One important question, arising from the heterogeneity of prior
study results, is whether the potential effects of OT on social cognition
are specific to particular social cognitive domains. Our current study
examined whether a single dose of intranasal OT improved performance across key subdomains of social cognition in schizophrenia.
Prior research identified two levels of social cognitive impairment in
schizophrenia that are significantly associated with functional capacity and real-world social and work functioning: 1) low-level social
cue detection and 2) high-level inferential and regulatory processes
(Mancuso et al., 2011). The former factor comprised tasks in which
minimal inferential processes are necessary to interpret the presented
social information, while the latter factor comprised tasks which required higher-level cognitive processing incorporating knowledge not
directly presented in the stimuli.
Using a randomized, double-blind, placebo-controlled design, patients completed a social cognitive assessment battery. The primary
outcome measure was a composite social cognition score, with secondary analyses examining the low-level and high-level composites
separately. In addition to our primary goal of assessing changes in social cognition, our secondary goals included assessing: 1) the subjective experience of intranasal OT treatment; and 2) acute changes in
clinical symptoms following intranasal OT treatment.
2. Experimental methods and materials
2.1. Participants
Twenty-four male outpatients between the ages of 18 and 56 were
recruited from the VA Greater Los Angeles Healthcare System
(VAGLAHS). Patients met DSM-IV-TR criteria for schizophrenia, based
on clinical interview and medical records. Subjects were clinically stable
as indicated by: no psychiatric hospitalizations in the past 6 months;
adherent to antipsychotic medication with dosages not varying by
>25% over 3 months prior to participation; at least 6 months since any
indication of potential danger to self or others; no acute medical problems; and chronic medical conditions consistently treated and stable
for >3 months. Exclusion criteria were mental retardation; treatment
with electroconvulsive therapy within 6 months prior to participation;
history of stroke, traumatic brain injury, or epilepsy; history of substance
abuse or dependence within 6 months prior to participation; history of
hyponatremia within 6 months prior to participation; or allergic rhinitis
or other inflammation of nasal mucosa. Antipsychotic medication type
and dose were clinically determined. All participants had the capacity
to give informed consent and provided written informed consent in accordance with procedures approved by the Institutional Review Board
at VAGLAHS.
2.2. Pharmacological treatment
OT nasal spray (50 IU/ml) was compounded by Inland Compounding
Pharmacy (Loma Linda, CA).

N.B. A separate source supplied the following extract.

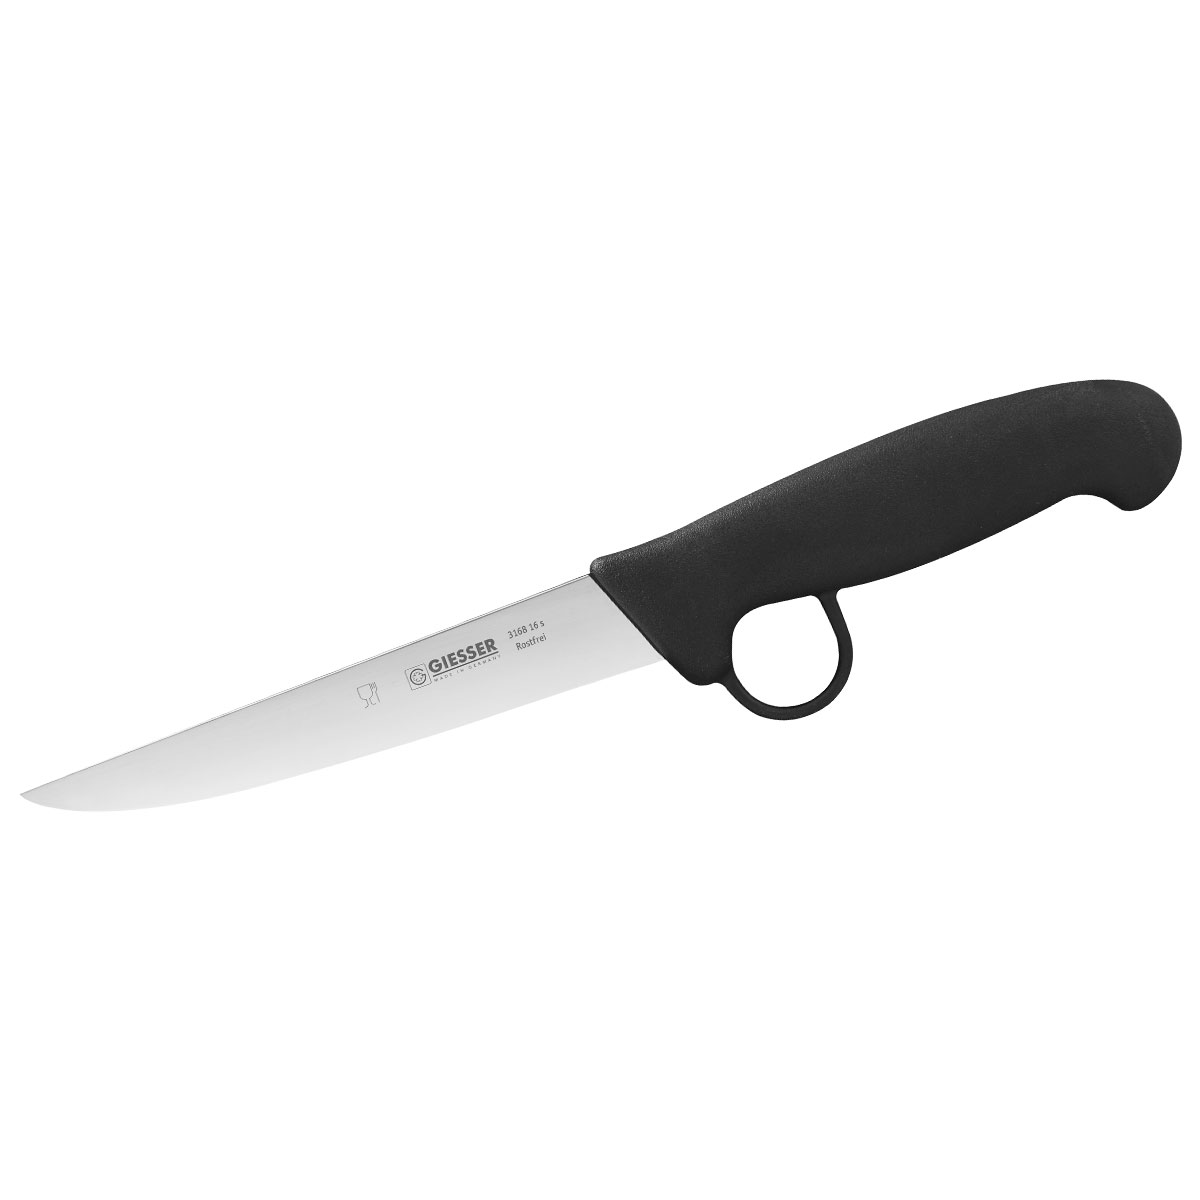 Giesser Boning Knife, 16cm (6) - Wide Blade, Bodyguard - Black

A placebo nasal spray was prepared that
was otherwise identical to the active treatment. Nasal sprays were prepared in 3 ml single use vials, calibrated to dispense 0.1 ml per puff. Subjects were instructed to spray 4 puffs into each nostril, for a total dose of
40 IU OT (or equivalent volume of placebo spray).
2.3. Study design
At an initial screening visit, informed consent was obtained and
demographic data and medical histories were obtained. Brief physical
examinations were performed. If subjects were eligible, they were
scheduled for a second visit for baseline assessment. At baseline, subjects were assessed with the Positive and Negative Syndrome Scale
(PANSS), Clinical Global Impression (CGI), and the social cognition assessment battery, with no pharmacological intervention. The order of
administration for social cognitive tests was counter-balanced across
subjects. On the third visit, one week later, subjects were randomized
(double-blind) to receive either intranasal OT or placebo. Thirty minutes after treatment, each subject completed the same assessments
in the same order as in their baseline visit. At the conclusion of the
visit, participants were interviewed regarding their subjective experiences of the treatment.
2.4. Social cognition assessments
Social cognition was assessed by 4 tests that represented 4 social
cognitive domains. The tests are briefly described here and more
complete descriptions about the tests and their use in schizophrenia
are available elsewhere.
2.4.1. Theory of mind
Theory of mind was assessed using Part III of The Awareness of
Social Inference Test (TASIT Part III: Social Inference—Enriched)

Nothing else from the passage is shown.